## Raw data
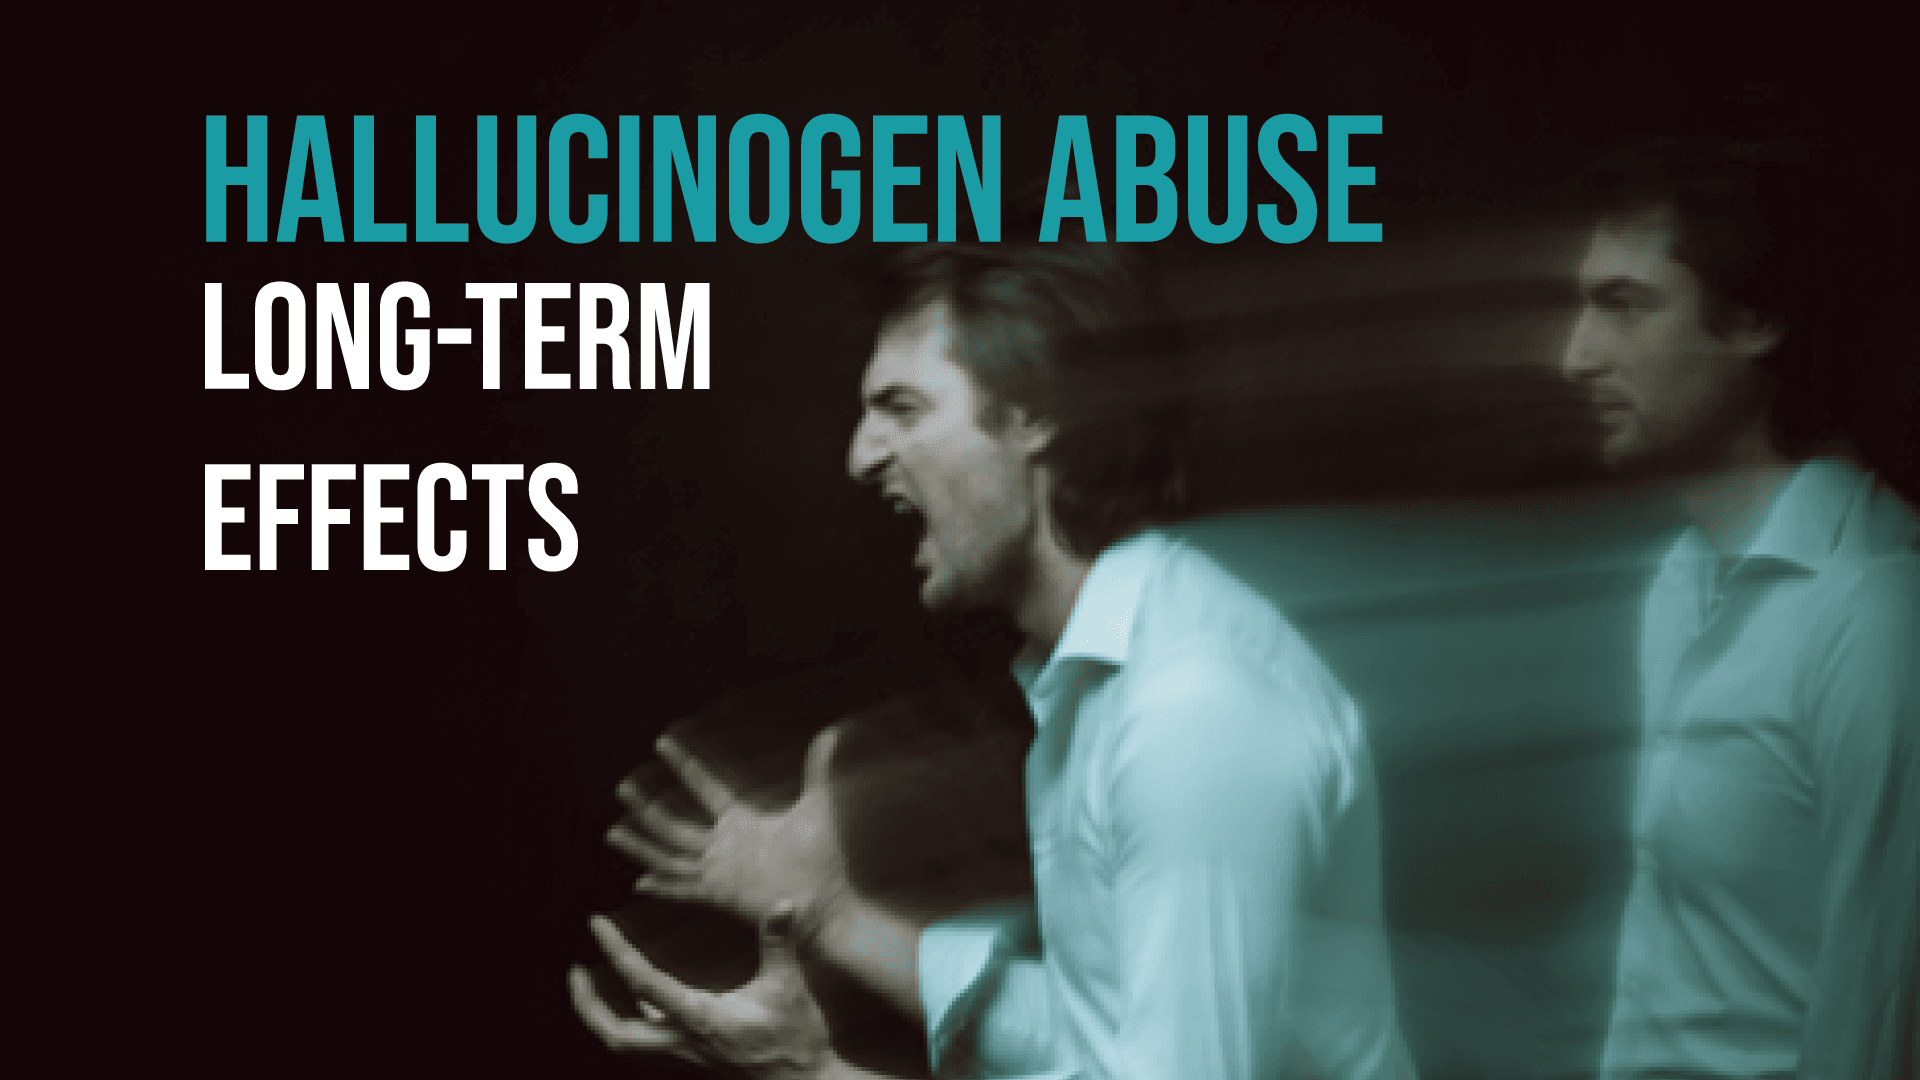 What Are The Long-Term Effects of Hallucinogen Abuse?
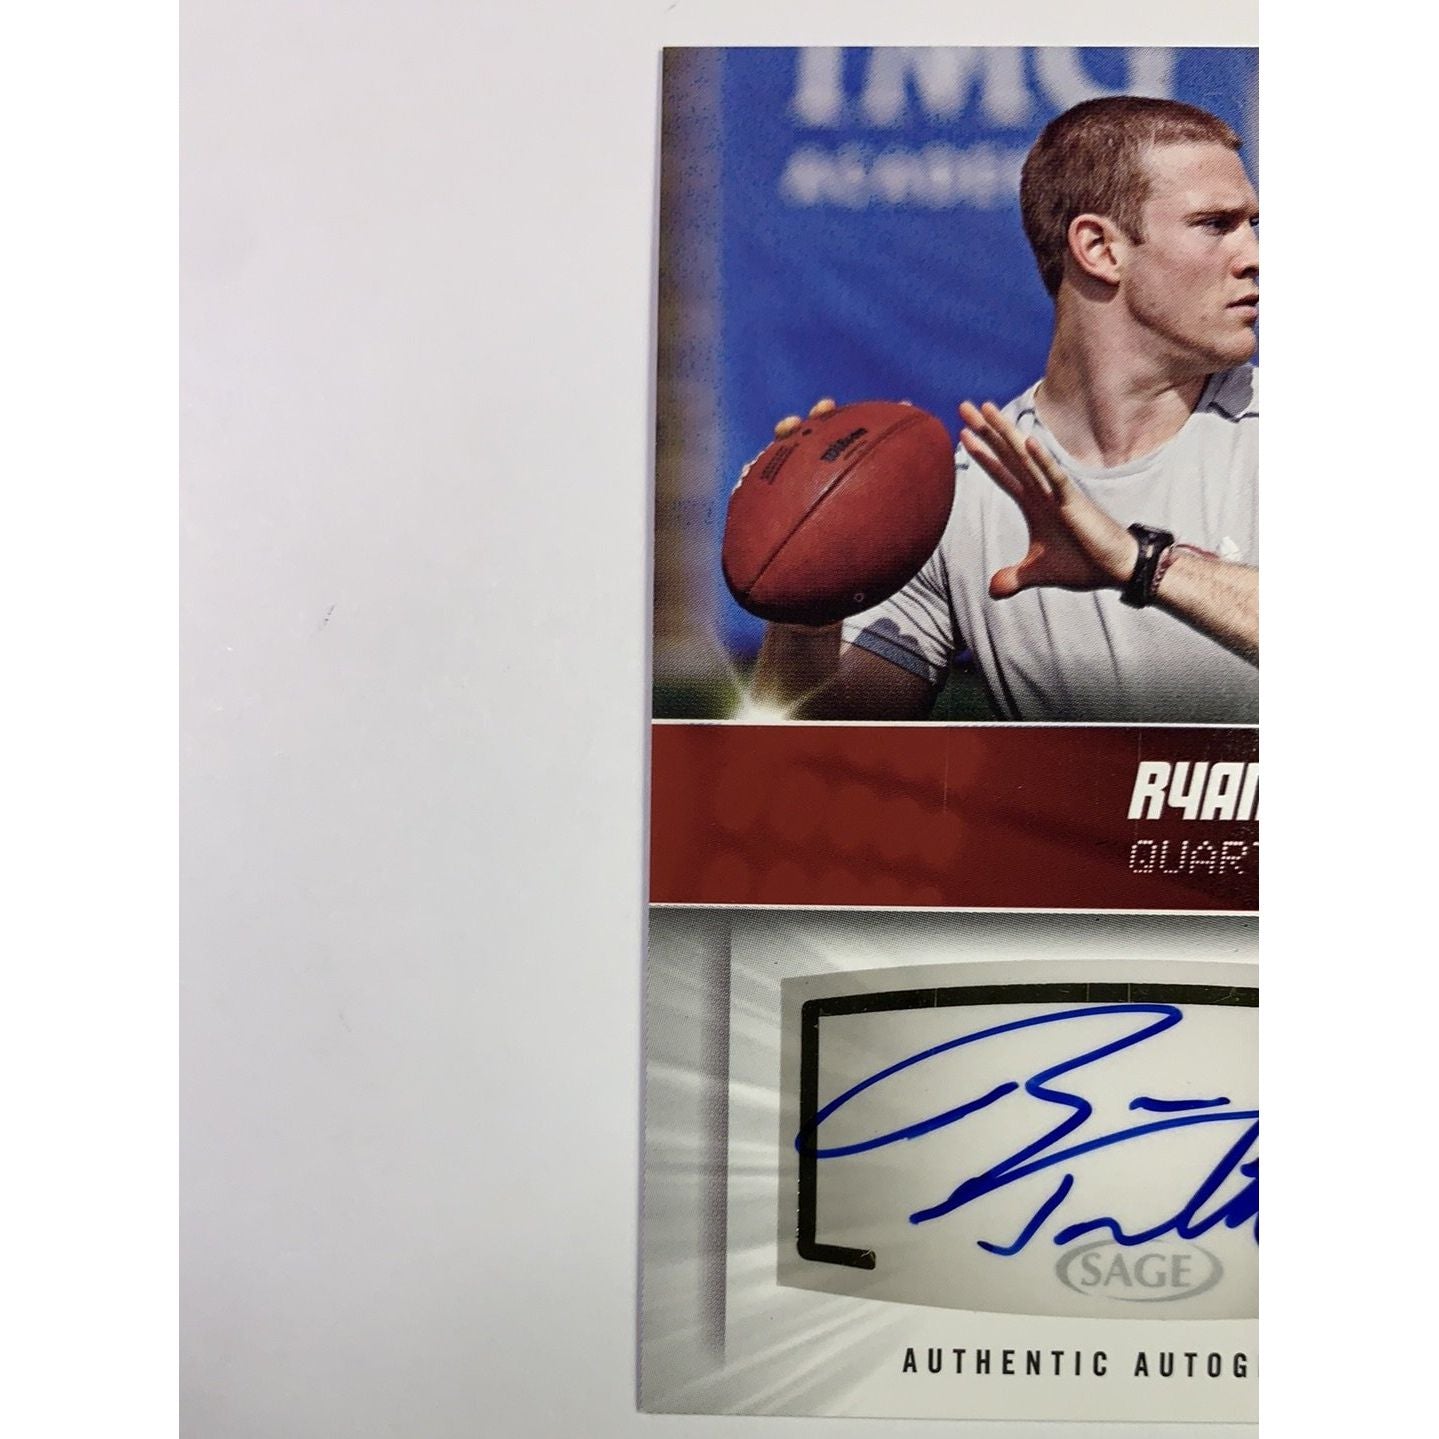  2012 Sage SLC Hit Ryan Tannehill Auto  Local Legends Cards & Collectibles
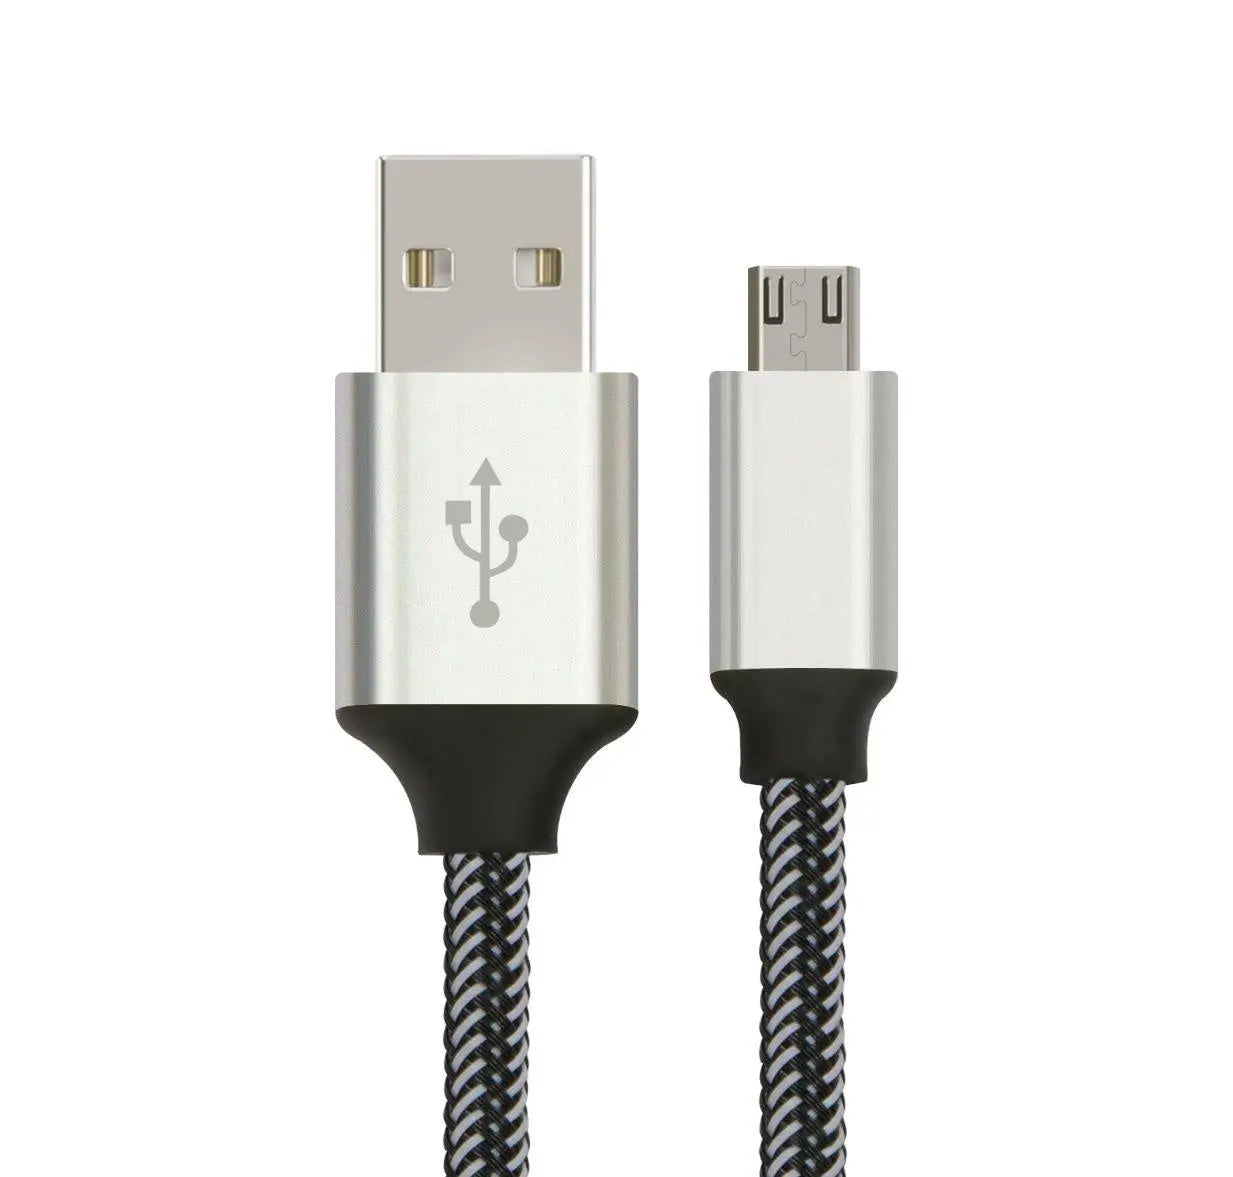 ASTROTEK 1m Micro USB Data Sync Charger Cable Cord Silver White Color for Samsung HTC Motorola Nokia Kndle Android Phone Tablet & Devices ASTROTEK
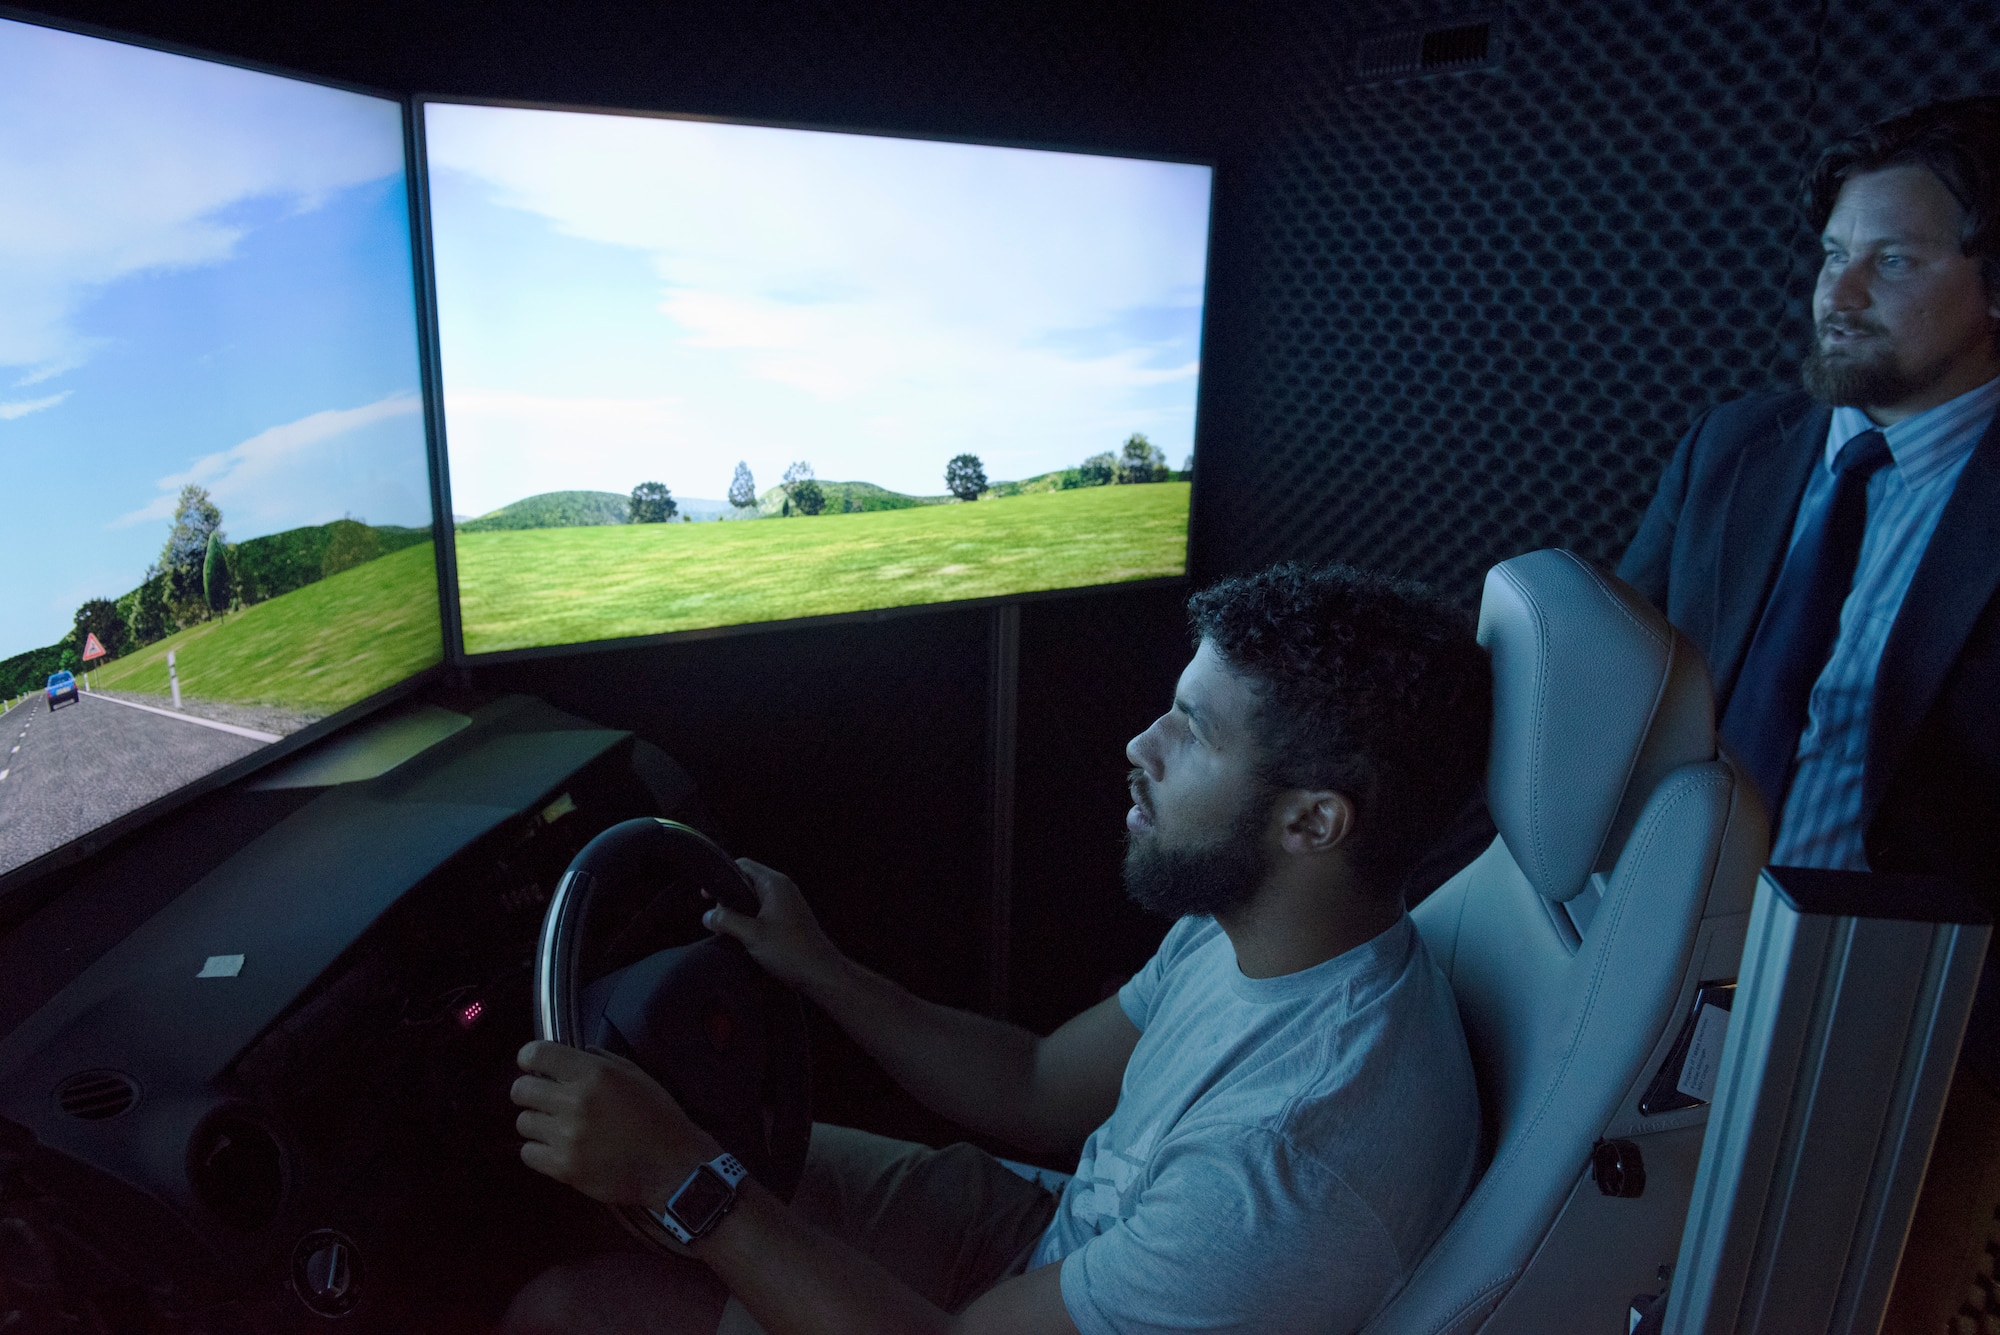 NASCAR driver Darrell “Bubba” Wallace Jr., test drives a simulated vehicle inside the biomedical research lab at the U.S. Air Force School of Aerospace Medicine, Wright-Patterson Air Force Base, Ohio, Sept. 7, 2018. The research is used for assessing aircrew fatigue and system performance. (U.S. Air Force photo by Michelle Gigante)

## Task prompt
Set down each line of the material exactly and skip every image.

## Output of the exercise
 What Are The Long-Term Effects of Hallucinogen Abuse?
  2012 Sage SLC Hit Ryan Tannehill Auto  Local Legends Cards & Collectibles
 ASTROTEK 1m Micro USB Data Sync Charger Cable Cord Silver White Color for Samsung HTC Motorola Nokia Kndle Android Phone Tablet & Devices ASTROTEK
 NASCAR driver Darrell “Bubba” Wallace Jr., test drives a simulated vehicle inside the biomedical research lab at the U.S. Air Force School of Aerospace Medicine, Wright-Patterson Air Force Base, Ohio, Sept. 7, 2018. The research is used for assessing aircrew fatigue and system performance. (U.S. Air Force photo by Michelle Gigante)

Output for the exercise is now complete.